Bengali lawyer and politician

Ashraf Ali Khan Chowdhury (আশরফ আলী খান চৌধুরী; 1878 – 8 December 1941) was a Bengali lawyer and politician.

==Early life==
Chowdhury was born in 1878 to a Bengali Muslim zamindar family known as the Chowdhuries of Natore. His father was Khan Bahadur Ershad Ali Khan Chowdhury, a member of the Bengal Legislative Council. He was called to the bar at London's Inns of Court and became a barrister in 1912.

==Career==
Chowdhury started his legal career by joining the Calcutta High Court bar. Introduced to politics by his father and under the patronage of Syed Nawab Ali Chowdhury, Khan Chowdhury was a founding member of the East Bengal and Assam Provincial Muslim Educational Society. In 1928, he was elected to the Bengal Legislative Council, representing Natore. In 1932, Khan Chowdhury declined an offer of a judgeship at the Calcutta High Court, choosing to pursue a career in politics. In 1937, he was re-elected to the Bengal Legislative Assembly from Natore District as a candidate of the All India Muslim League.

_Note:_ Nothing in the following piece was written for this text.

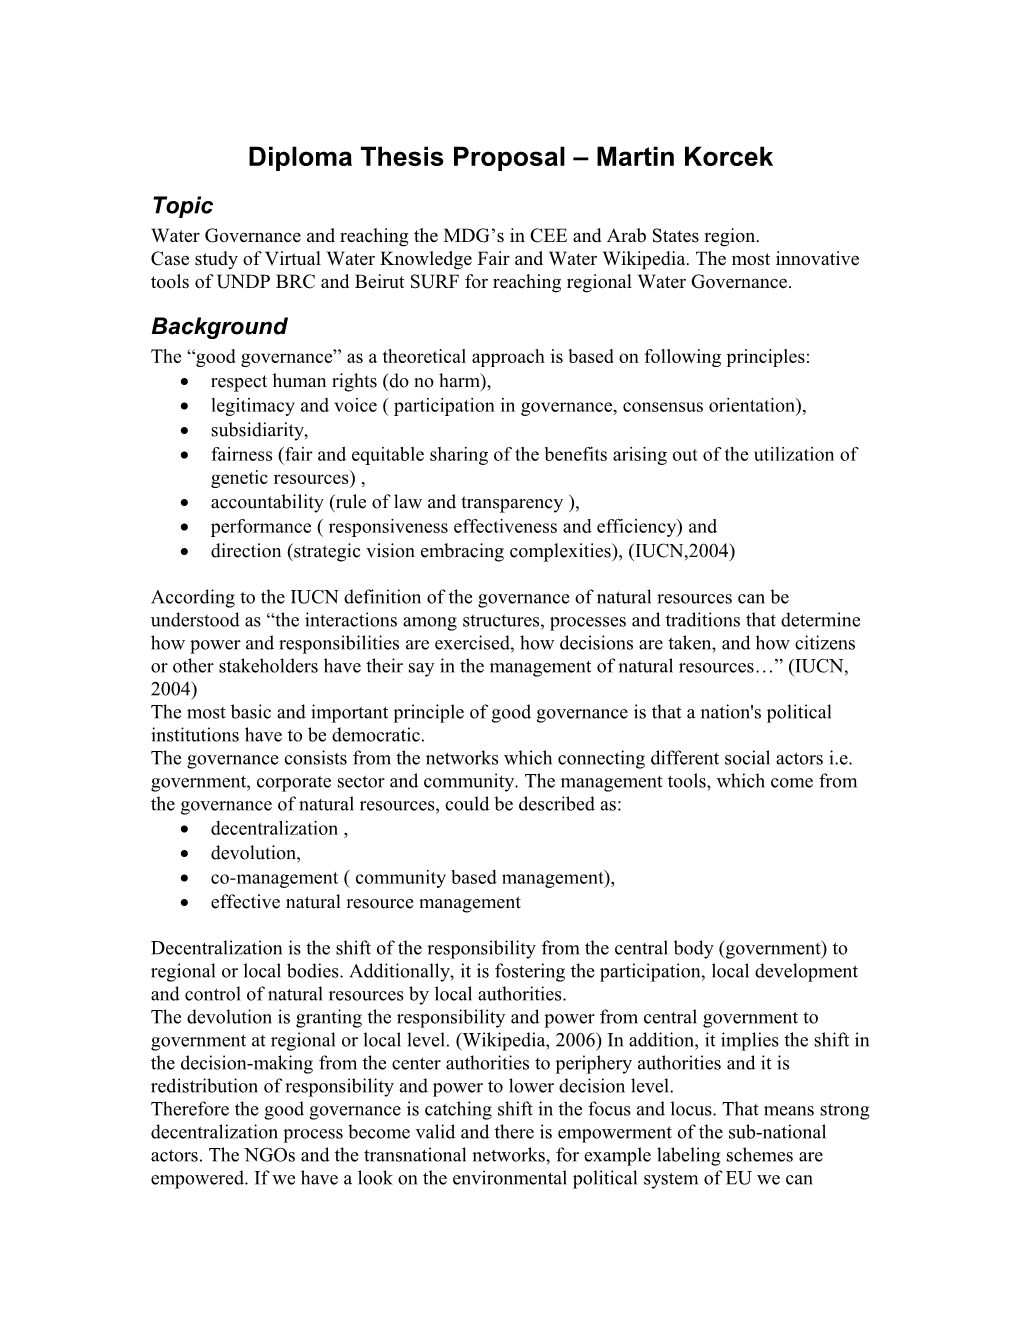 Diploma Thesis Proposal Martin Korcek

He served as the Deputy Speaker of the Bengal Legislative Assembly.

==Personal life==
Khan Chowdhury had seven children, including one son and six daughters. His daughter Rabia married jurist Hamoodur Rahman, who later served as Chief Justice of Pakistan from 1968 to 1975 and led Pakistan's War Enquiry Commission following the conclusion of the Bangladesh genocide.

==Death==
Chowdhury died on 8 December 1941 in Kolkata, West Bengal, British India.